Taurine Supplementation Slows Aging, Extends Life in Mice
Taurine levels drop with age, and correlate with health in aged humans. Researchers here show evidence for taurine supplementation to improve health and extend life span in mice. While it isn't mentioned in this paper, if one takes a look around the literature on this topic, taurine may act on the pace of aging by increasing levels of the antioxidant enzyme glutathione, and has been shown to diminish oxidative stress. You may recall that supplementation with glutathione precursors has been shown to improve health in both old mice and old humans. Glutathione itself is harder to deliver directly, hence the more indirect strategies. The observed effects on health and life span may be due to improved mitochondrial function, reducing the dual impact of mitochondrial dysfunction: loss of ATP production needed to power cell processes on the one hand, and and excessive production of oxidative molecules that can damage molecular machinery elsewhere in the cell on the other.
Aging is associated with systemic changes in the concentrations of molecules such as metabolites. However, whether such changes are merely the consequence of aging or whether these molecules are drivers of aging remains largely unexplored. If these were blood-based drivers of aging, then restoring their concentration or functions to "youthful" levels could serve as an antiaging intervention. Taurine, a semiessential micronutrient, is one of the most abundant amino acids in humans and other eukaryotes. Earlier studies have shown that the concentration of taurine in blood correlates with health, but it is unknown whether blood taurine concentrations affect aging. To address this gap in knowledge, we measured the blood concentration of taurine during aging and investigated the effect of taurine supplementation on health span and life span in several species.

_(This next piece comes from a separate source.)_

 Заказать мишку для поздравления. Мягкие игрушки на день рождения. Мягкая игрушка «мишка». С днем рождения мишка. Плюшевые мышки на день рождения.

Blood concentration of taurine declines with age in mice, monkeys, and humans. To investigate whether this decline contributes to aging, we orally fed taurine or a control solution once daily to middle-aged wild-type female and male C57Bl/6J mice until the end of life. Taurine-fed mice of both sexes survived longer than the control mice. The median life span of taurine-treated mice increased by 10 to 12%, and life expectancy at 28 months increased by about 18 to 25%. A meaningful antiaging therapy should not only improve life span but also health span, the period of healthy living. We, therefore, investigated the health of taurine-fed middle-aged mice and found an improved functioning of bone, muscle, pancreas, brain, fat, gut, and immune system, indicating an overall increase in health span.

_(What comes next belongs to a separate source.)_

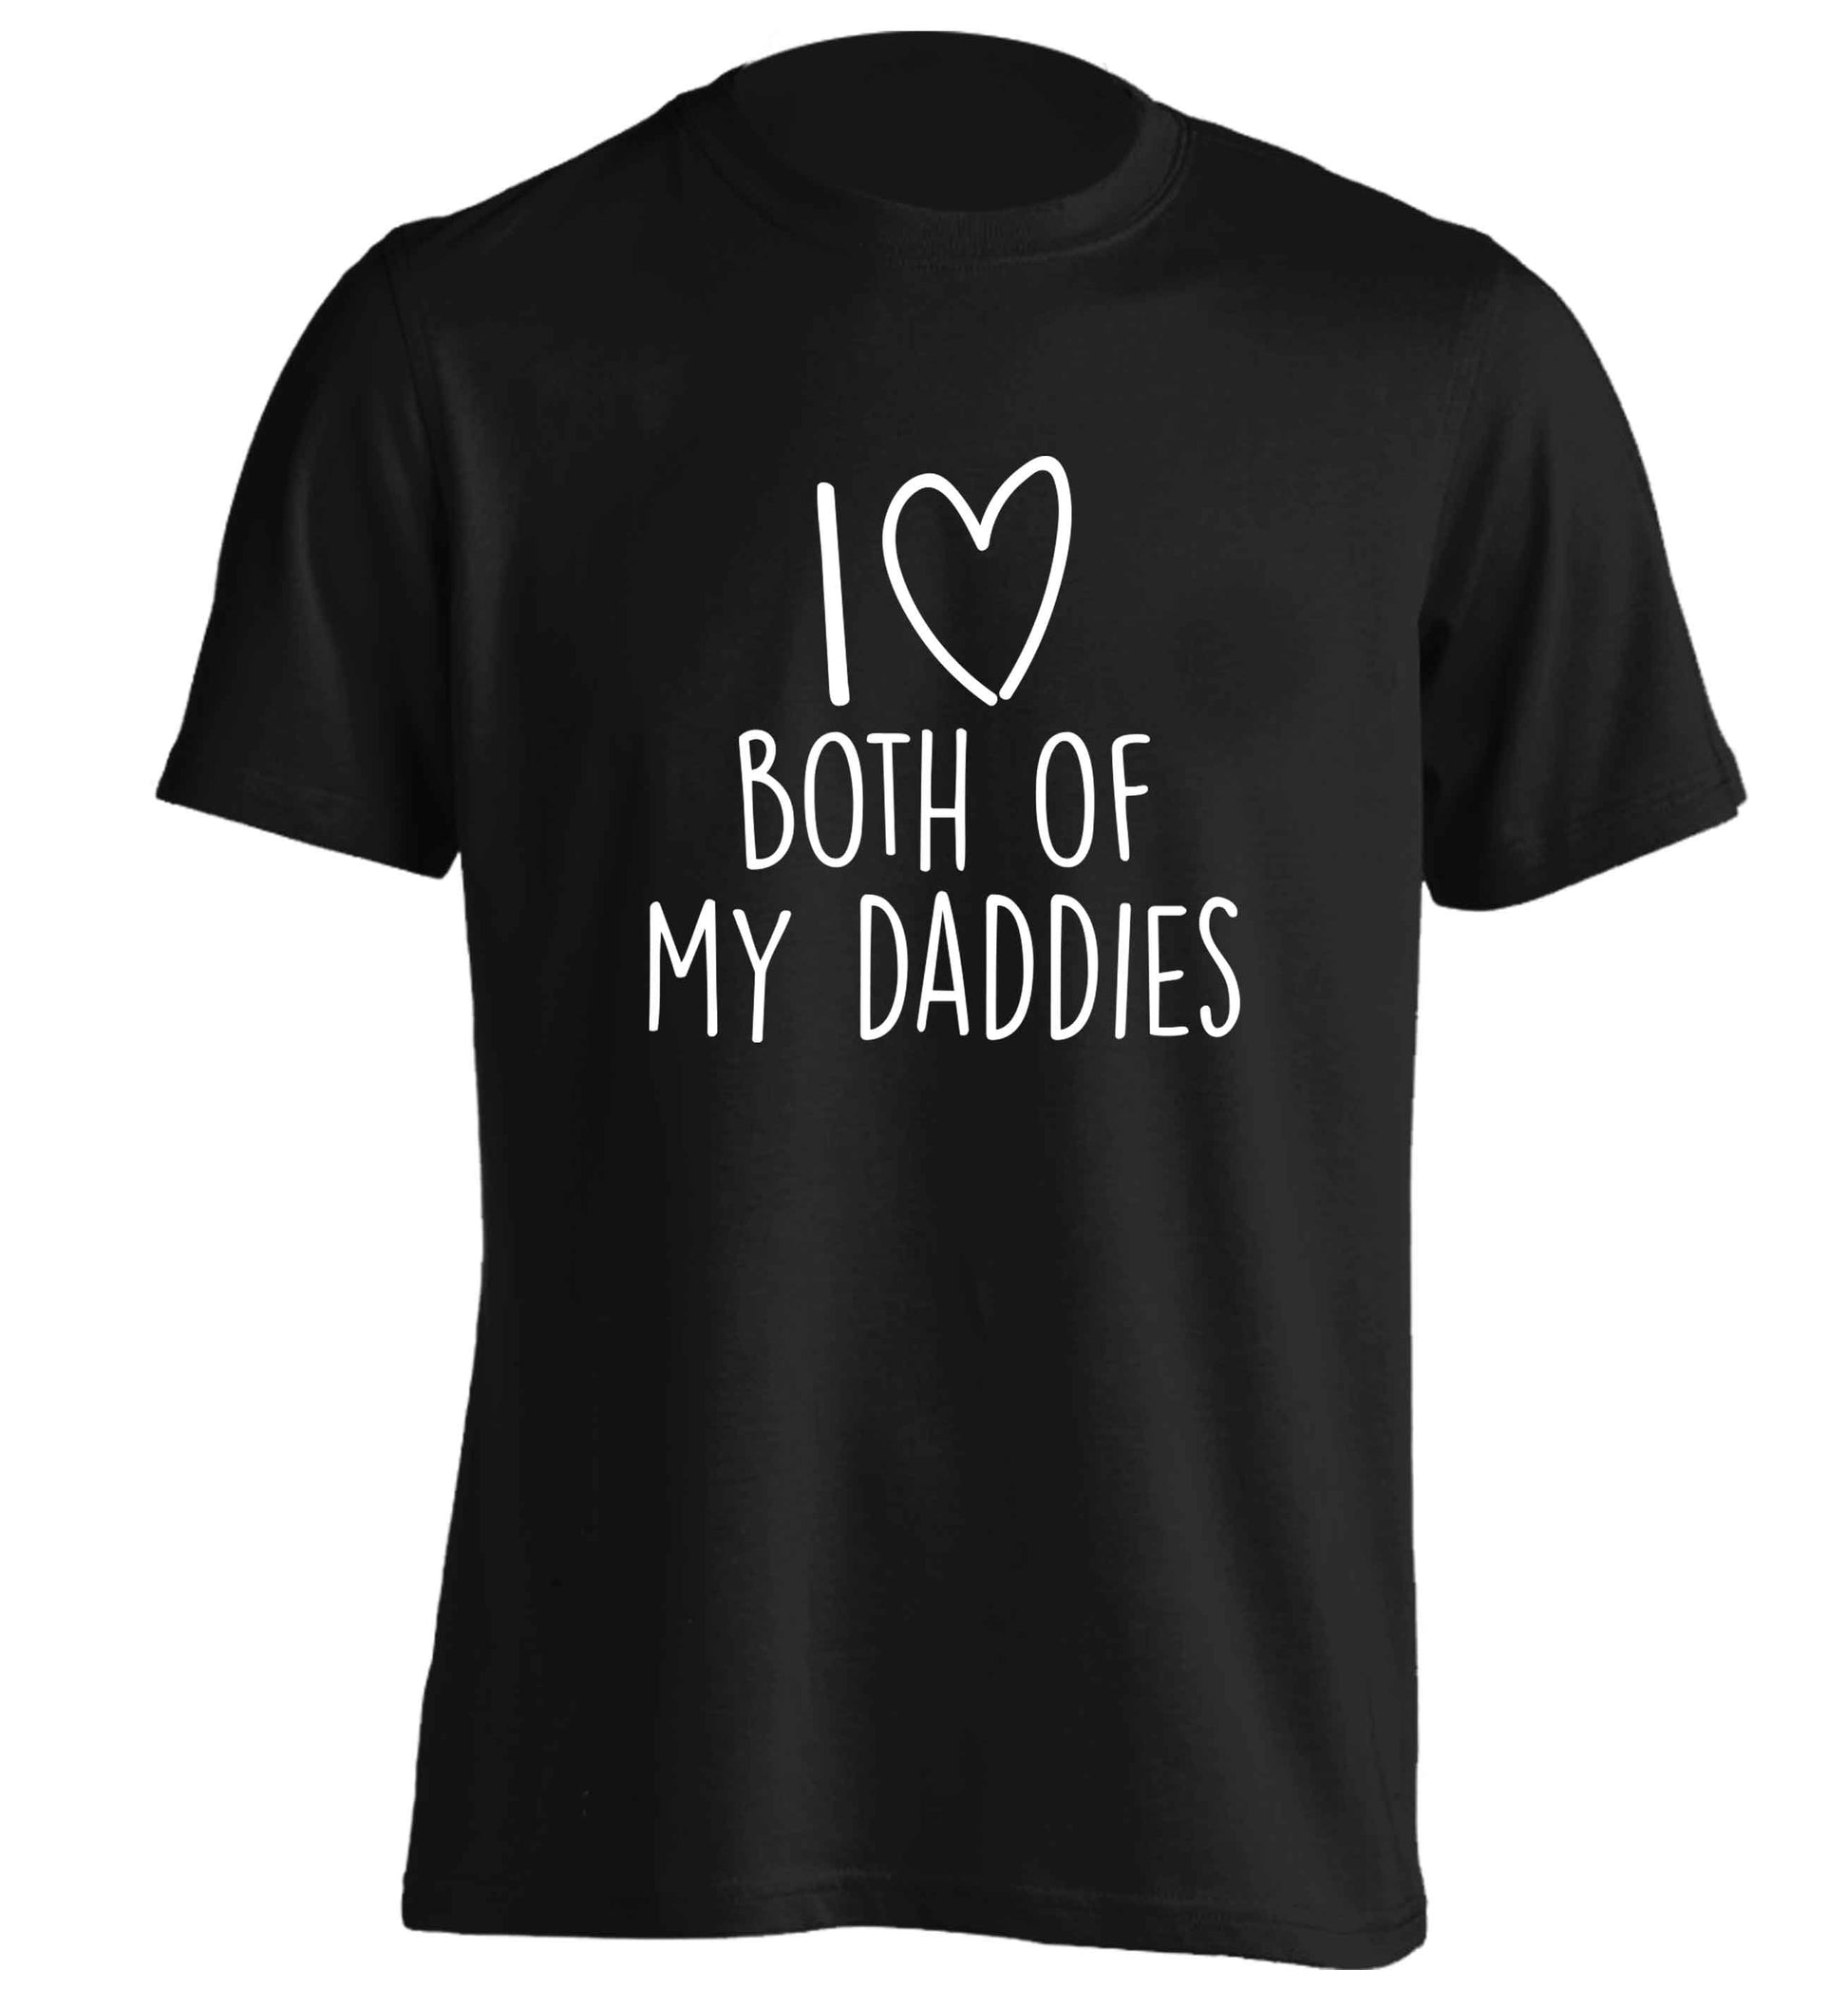 I love both of my daddies adults unisex black Tshirt 2XL

Investigations into the mechanism or mechanisms through which taurine supplementation improved the health span and life span revealed that taurine positively affected several hallmarks of aging. Taurine reduced cellular senescence, protected against telomerase deficiency, suppressed mitochondrial dysfunction, decreased DNA damage, and attenuated inflammation. An association analysis of metabolite clinical risk factors in humans showed that lower taurine, hypotaurine, and N-acetyltaurine concentrations were associated with adverse health, such as increased abdominal obesity, hypertension, inflammation, and prevalence of type 2 diabetes. Moreover, we found that a bout of exercise increased the concentrations of taurine metabolites in blood, which might partially underlie the antiaging effects of exercise.